> Raw data
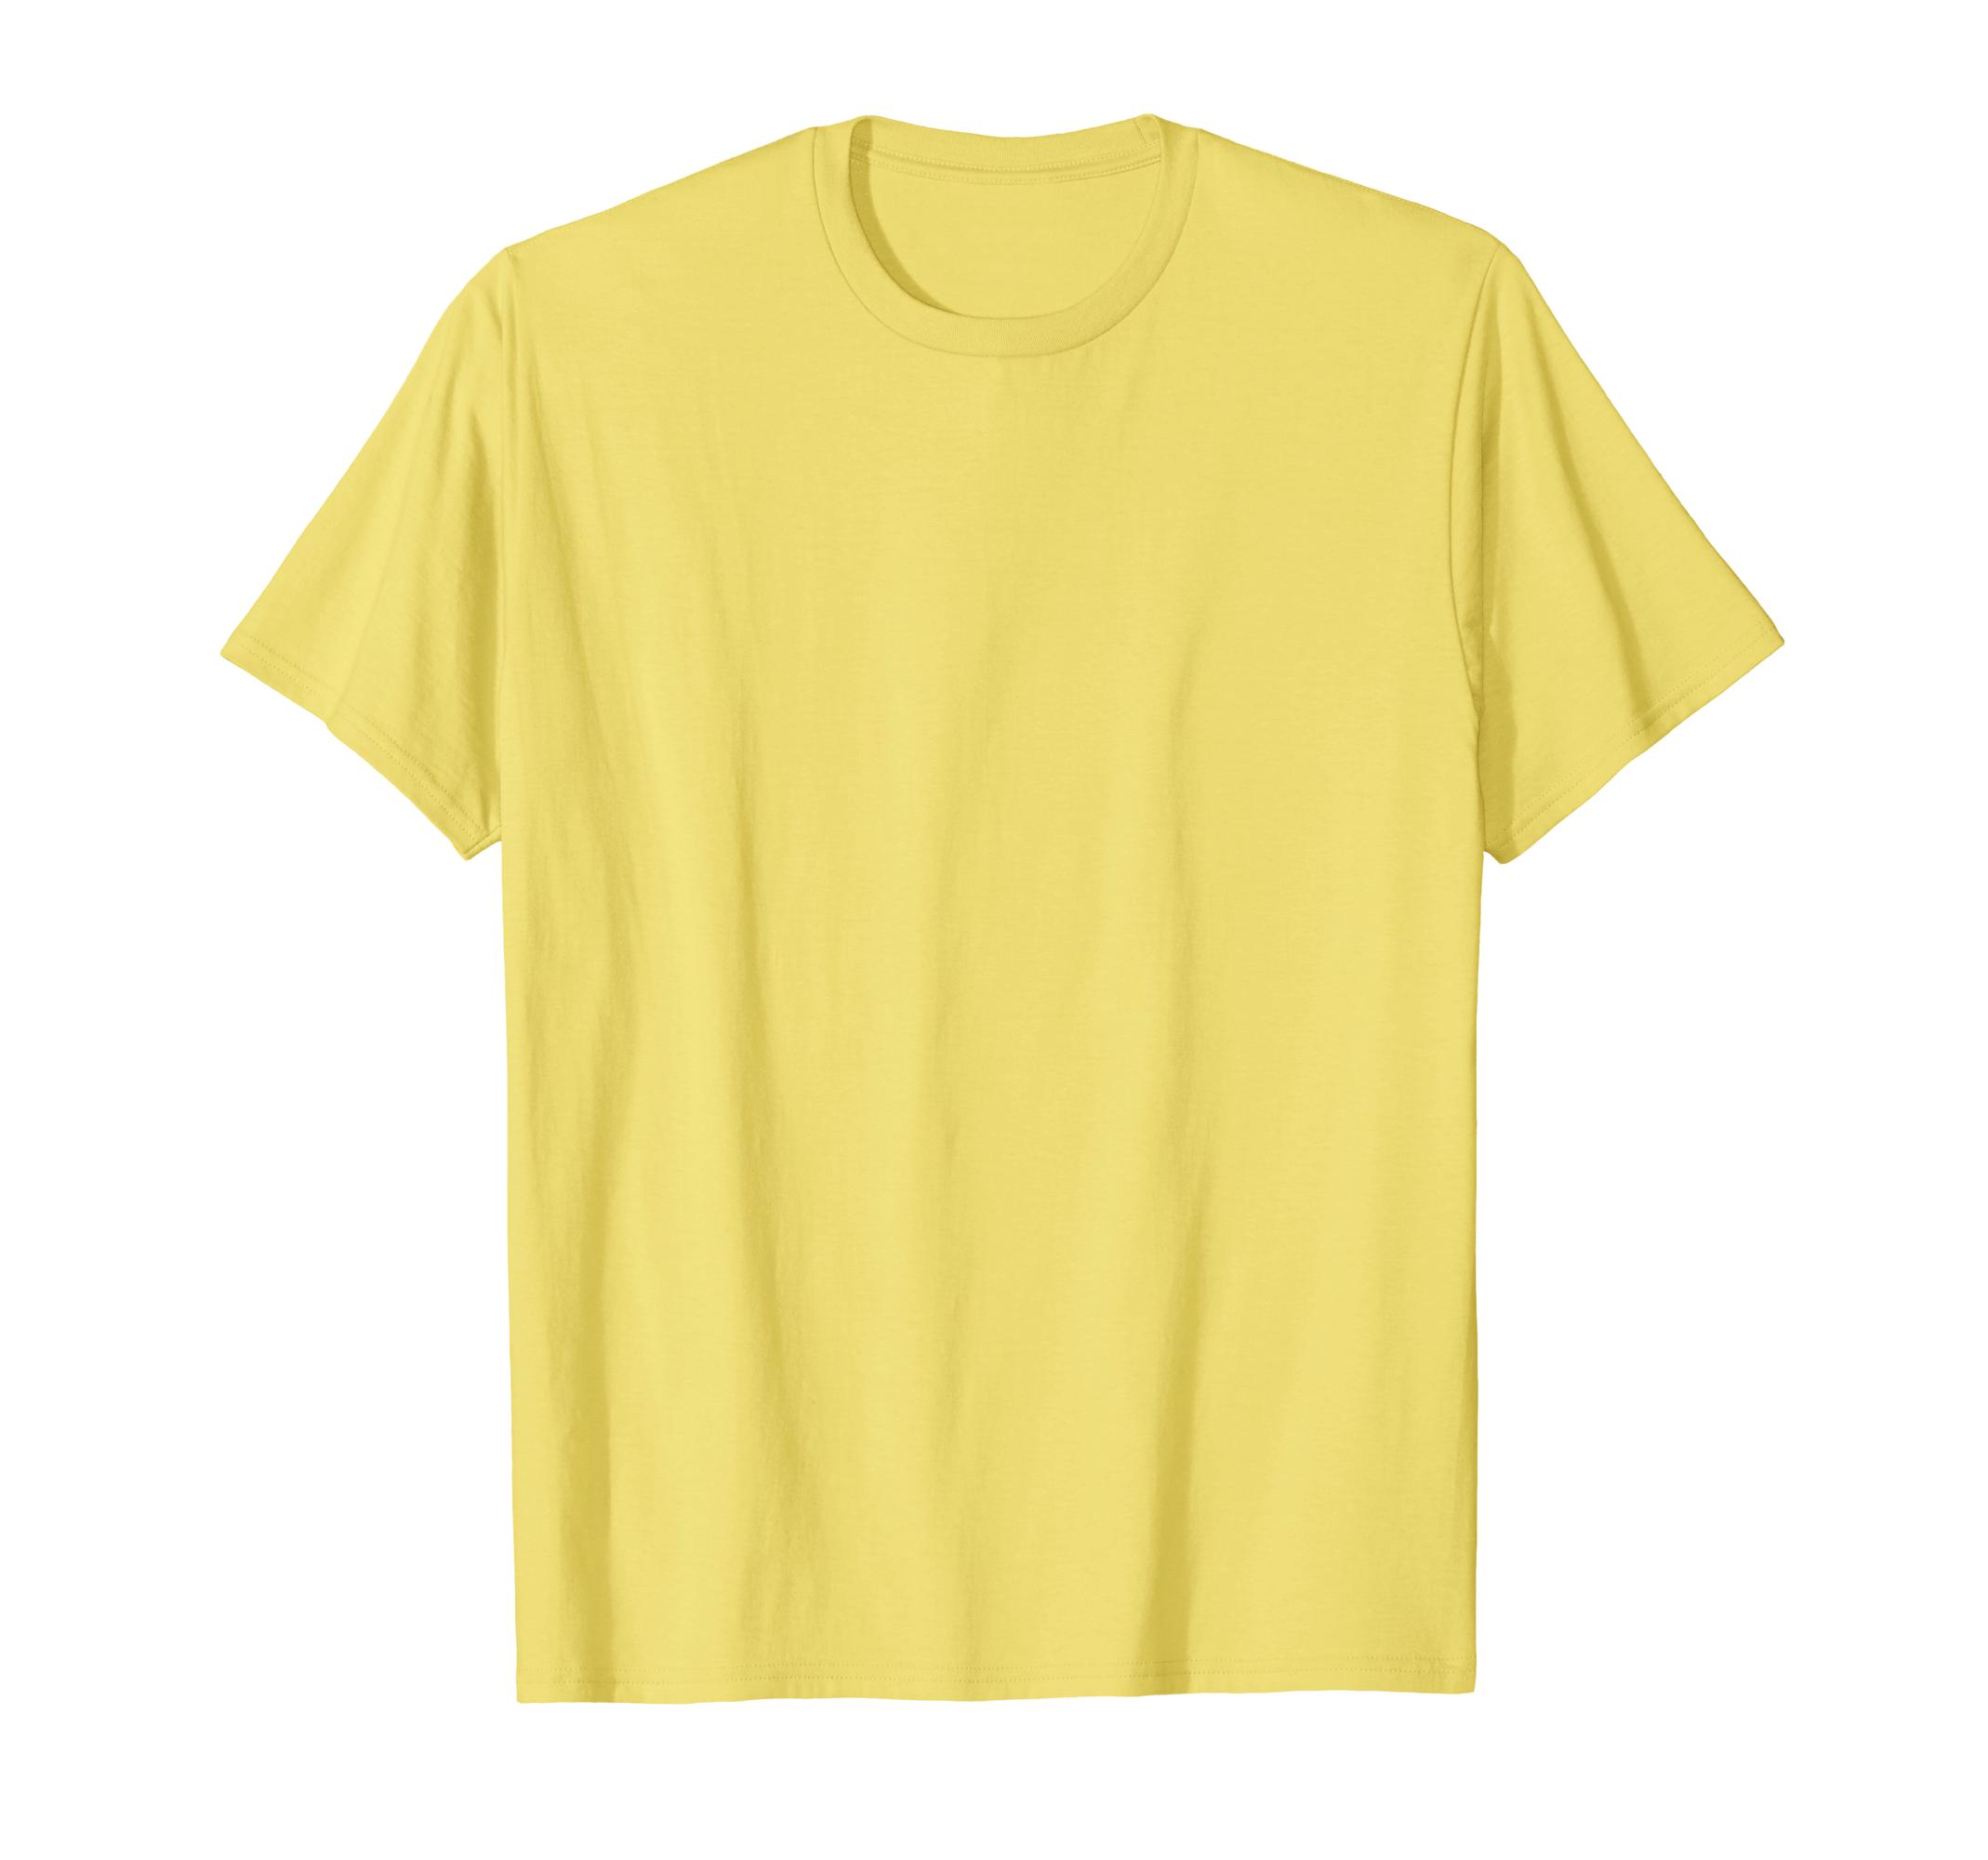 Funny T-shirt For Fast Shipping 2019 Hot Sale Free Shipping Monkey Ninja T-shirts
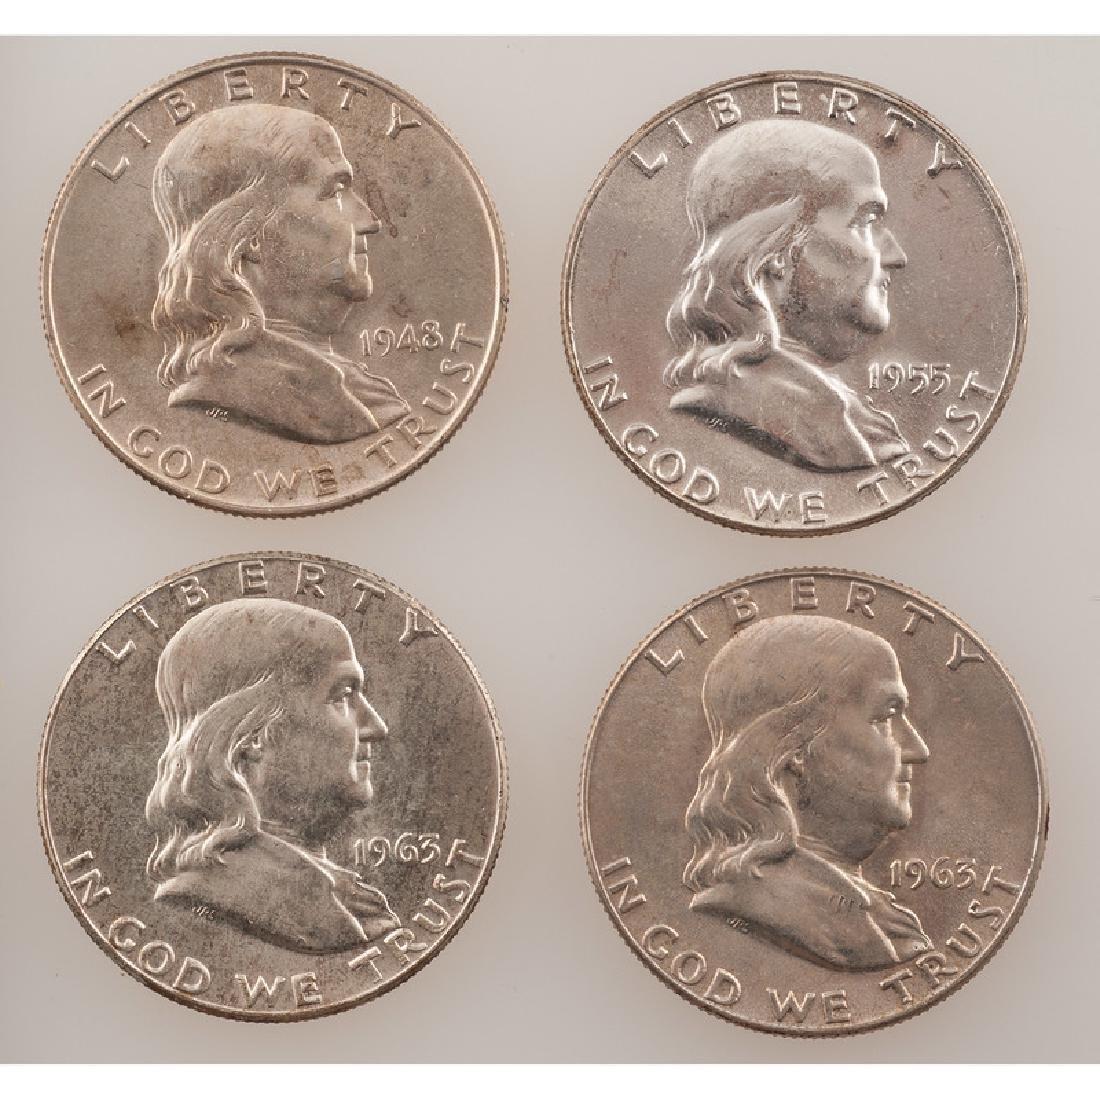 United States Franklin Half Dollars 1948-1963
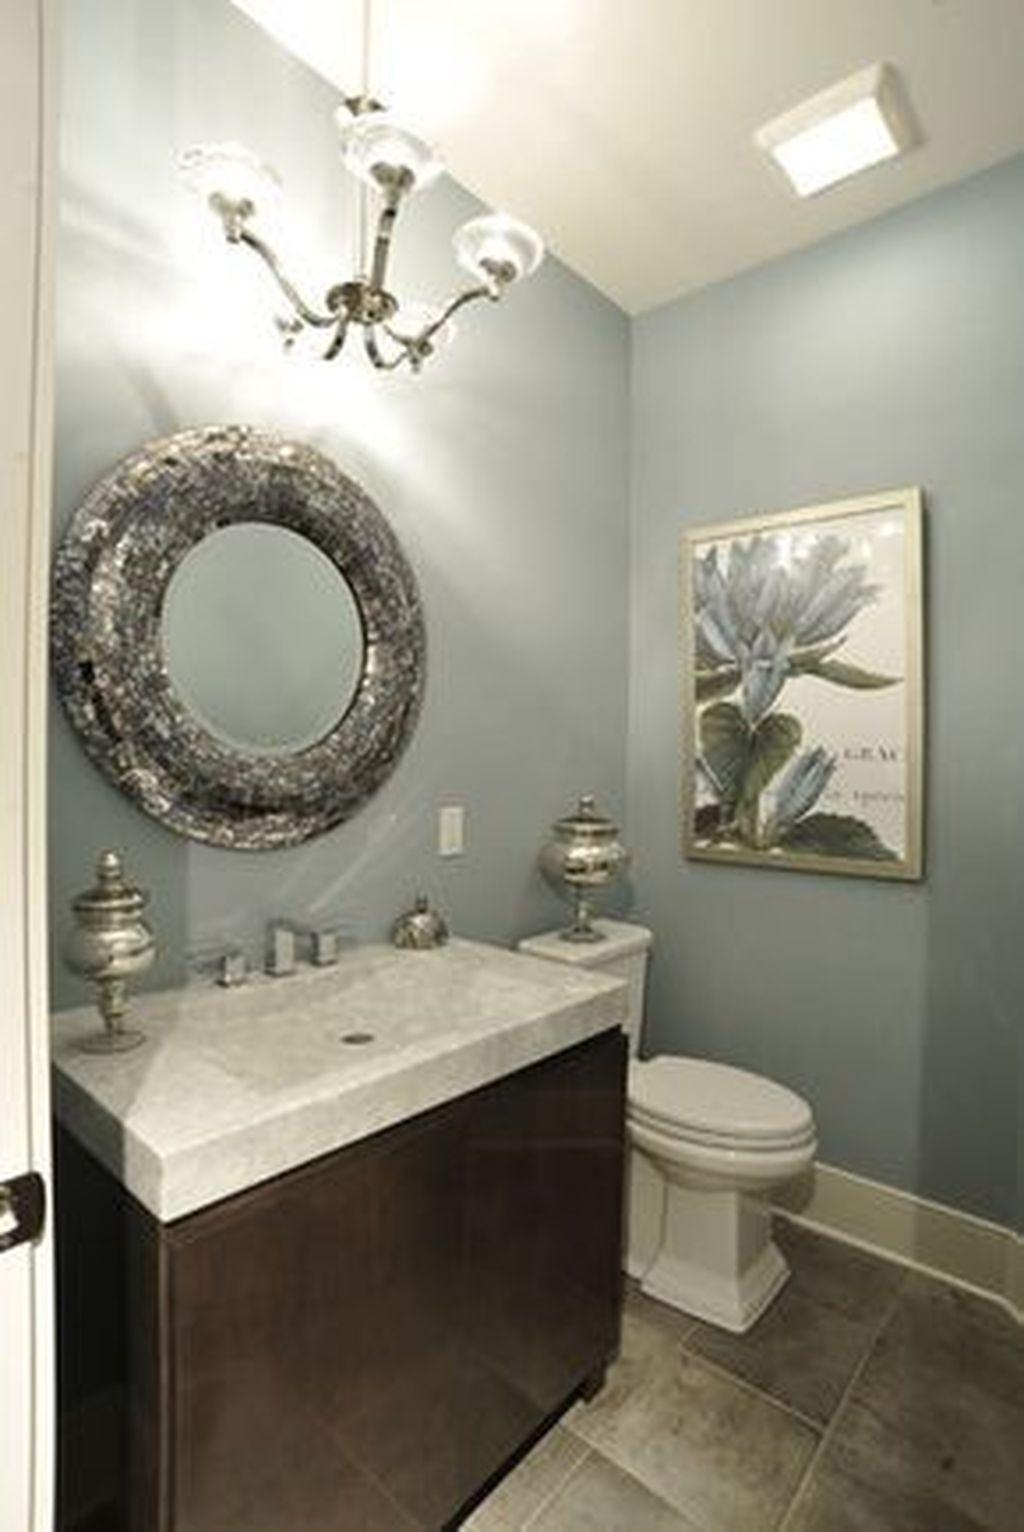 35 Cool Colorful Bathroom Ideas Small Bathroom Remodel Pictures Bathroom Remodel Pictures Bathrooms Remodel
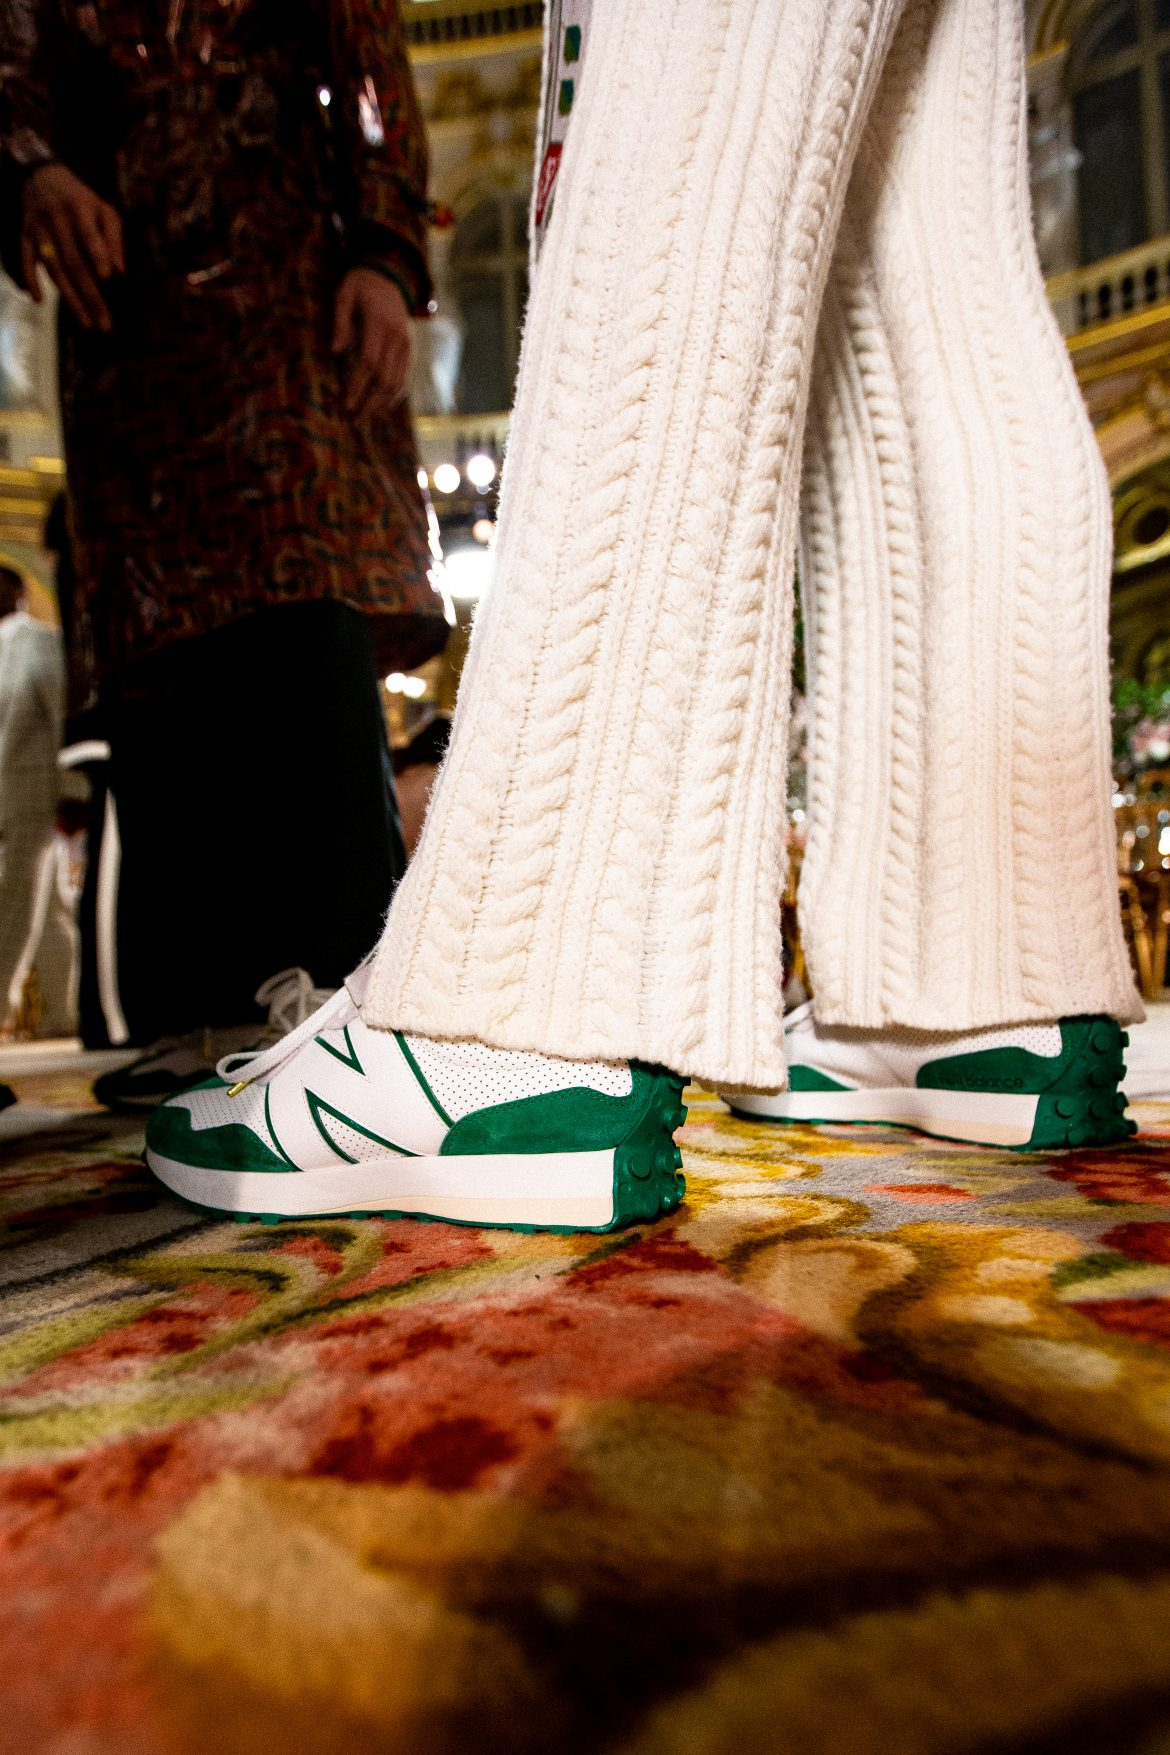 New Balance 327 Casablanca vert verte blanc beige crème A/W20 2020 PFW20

> Action item
Quote the data exactly, leaving every image out of the copy.

> Exercise output
 Funny T-shirt For Fast Shipping 2019 Hot Sale Free Shipping Monkey Ninja T-shirts
 United States Franklin Half Dollars 1948-1963
 35 Cool Colorful Bathroom Ideas Small Bathroom Remodel Pictures Bathroom Remodel Pictures Bathrooms Remodel
 New Balance 327 Casablanca vert verte blanc beige crème A/W20 2020 PFW20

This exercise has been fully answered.